Here I just simply add a false clause. If the string doesn’t start with a pound sign, assume it’s a paragraph and return whatever that is.

Simple test.

  test "Generates paragraphs" do
    assert Bargain.generate("This is a paragraph") == {:ok, "<p>This is a paragraph</p>"}
  end

Now I needed to handle multiple lines. A little tricky here. I wasn’t sure how to split one string into multiple lines. In Ruby I can call lines on a string and get what I need, so I looked for something similar. Turns out it’s just easier to split on something and enumerate through those. That was the approach I took.

  def generate(text) do
    parsed  = Enum.map(String.split(text, "\n"), fn x -> 
      String.trim(x)
      |> parse
    end)
    {:ok, Enum.join(parsed)}
  end

  defp parse(text) do
    cond do
      String.match?(text, ~r/^\#/)       -> create_heading(text)
      String.match?(text, ~r/^[a-zA-Z]/) -> create_paragaph(text)
    end
  end

You can see in the generate function that I split the string on any newline (technically not correct for markdown, but I’ll return to that), remove leading and trailing spaces, and pass it in to be parsed. The use of map here is important because it returns a list. We need that list so we can return the string we have built up.

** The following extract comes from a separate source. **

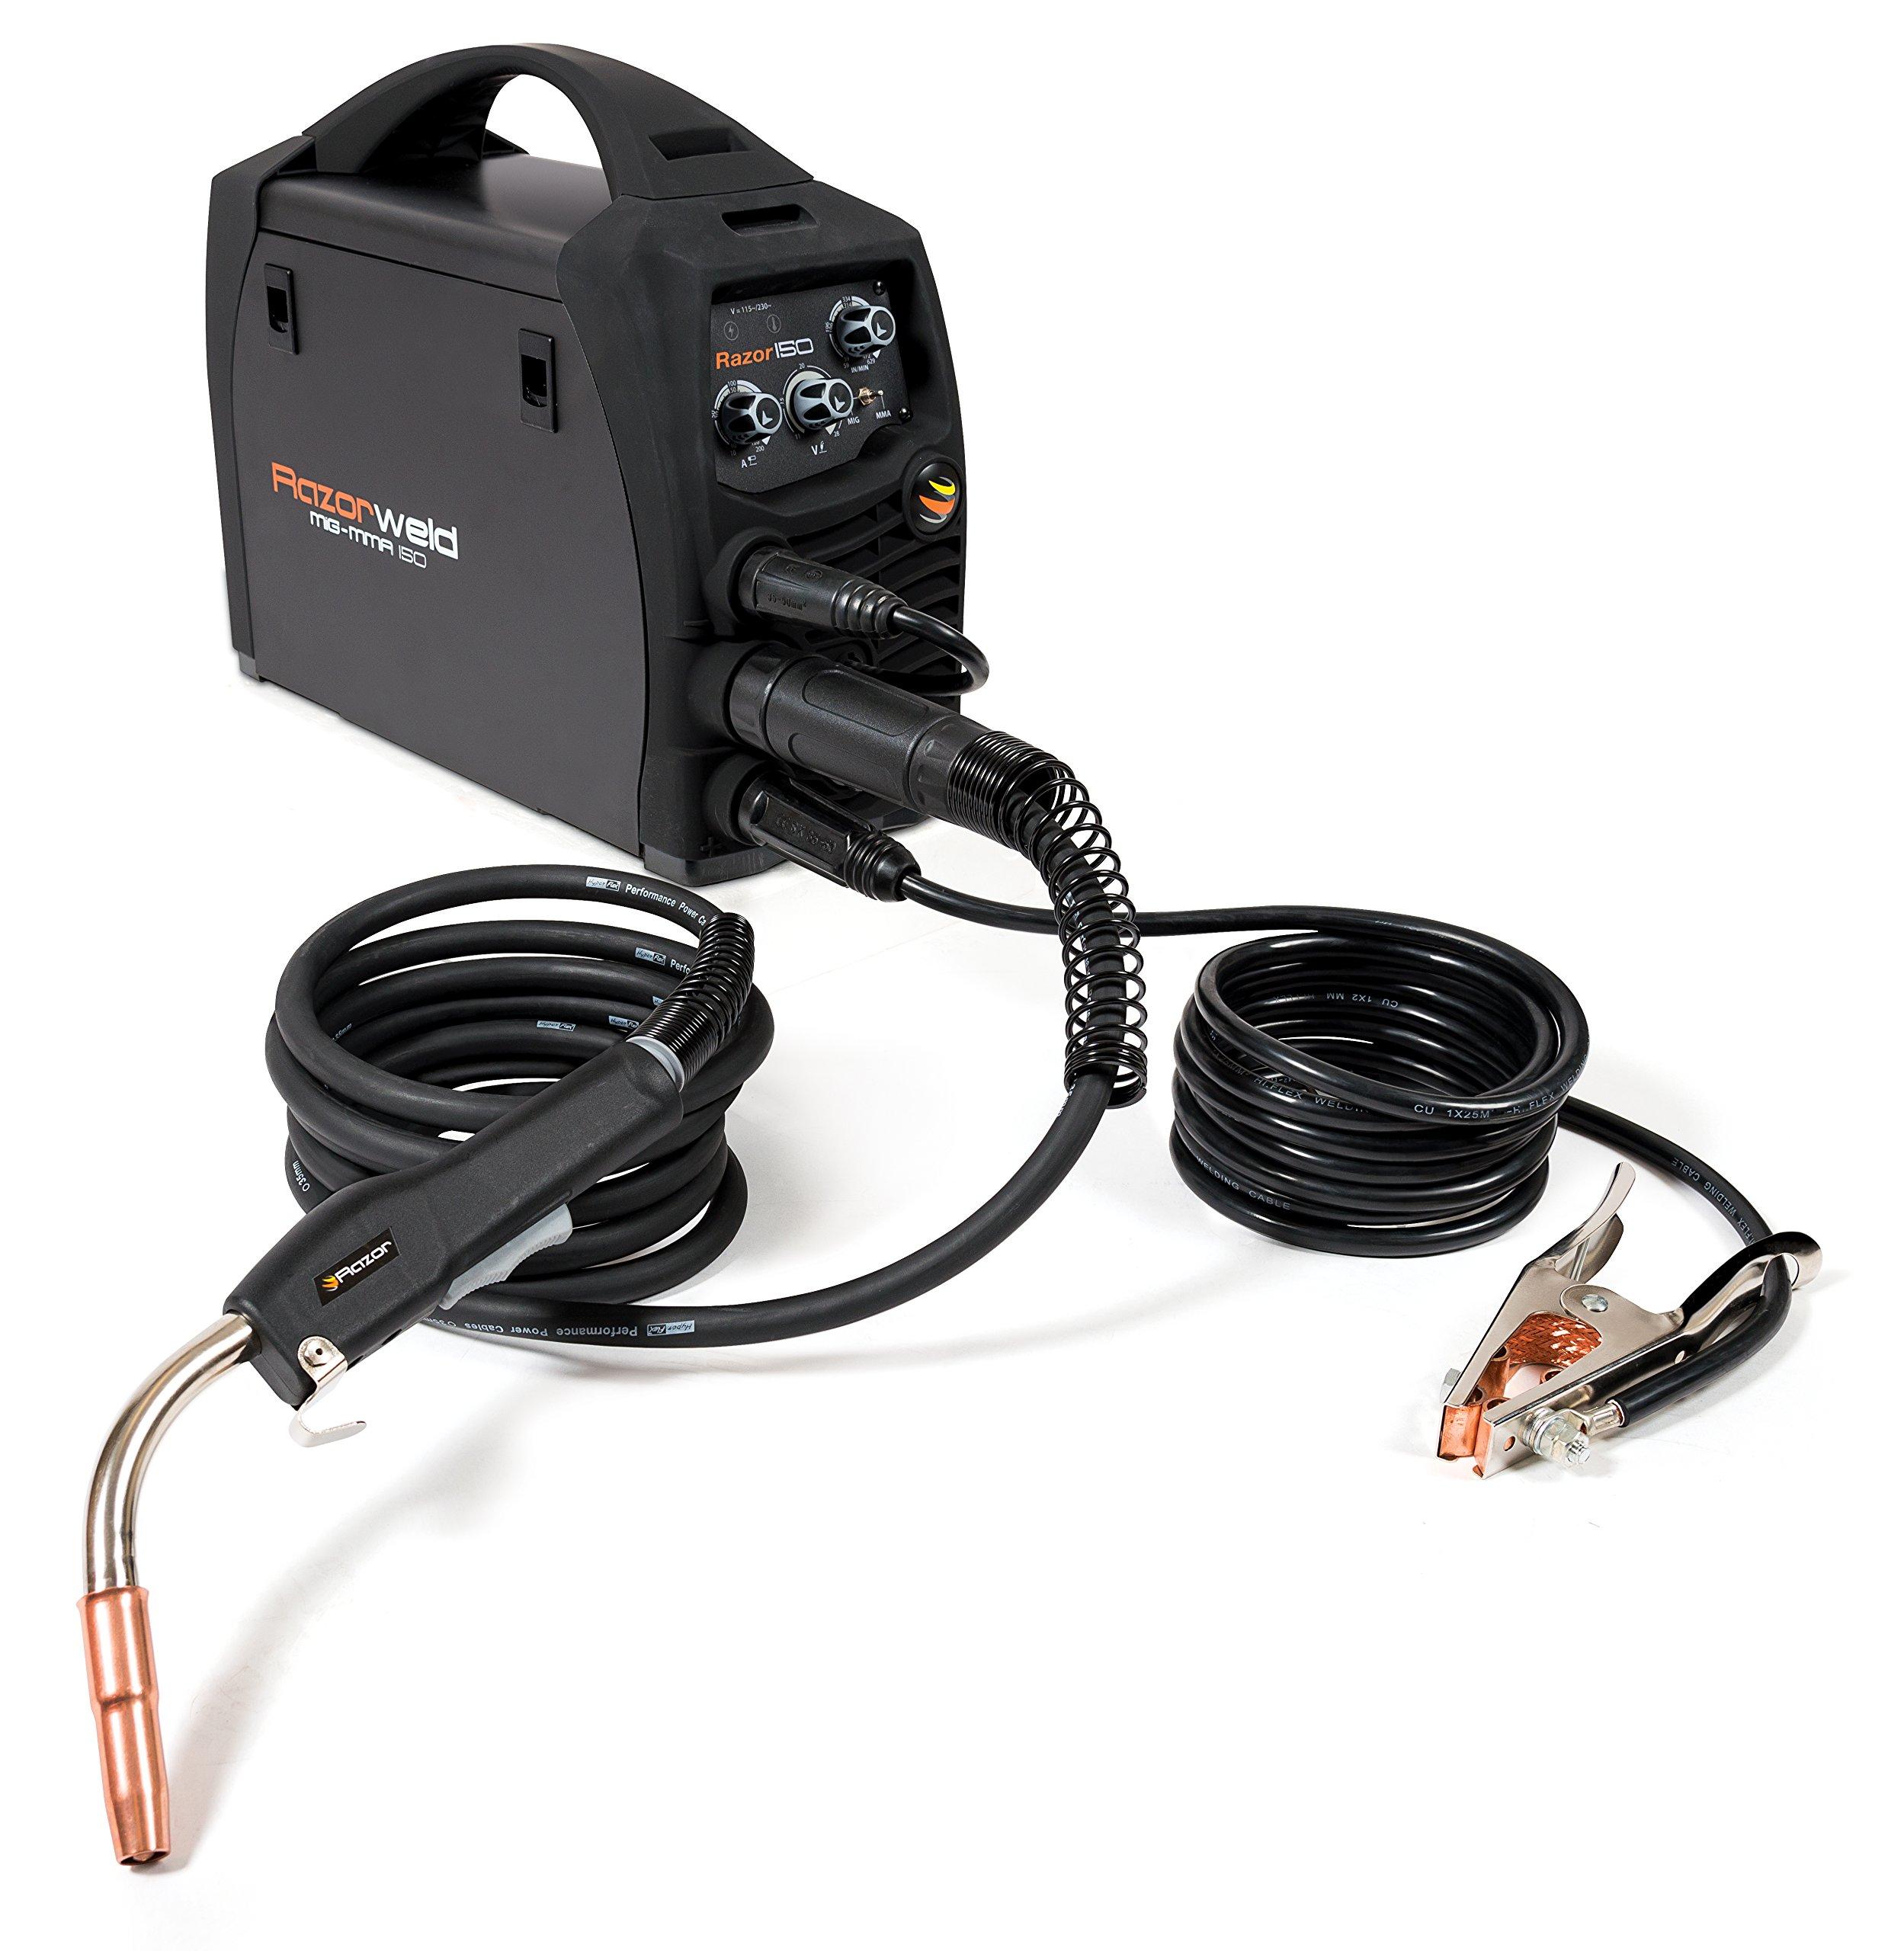 Titan PLKUMJRRW150 150 Amp Dual Volt Multi-system Welder

parse is interesting. I almost always reach for case and do some pattern matching, but I struggled getting some level of regex pattern matching working. The reason being is that the regex returns true/false. That only gives me two possible matches, like in the previous version of generate. I’ll have plenty more than that.

So the solution is cond. With cond I can perform several different matches and react to them accordingly.

An interesting side note. Elixir has character classes you can use. Considering that a paragraph will likely start with a letter, because a number will probably indicate a list, I used [:alpha] in place of [[a-zA-Z]], but it acted strangely. – I just realized my problem. I’ll go back and fix it. [:alpha] didn’t always match because of a syntax error. It should be [:alpha:] (see the trailing :).

The last thing I want to point out is the use of join at the end of generate. Since we get a list back, something like this ["<h1>Heading</h1>", "<p>This is a paragraph</p>"], we need to make that one big string to return.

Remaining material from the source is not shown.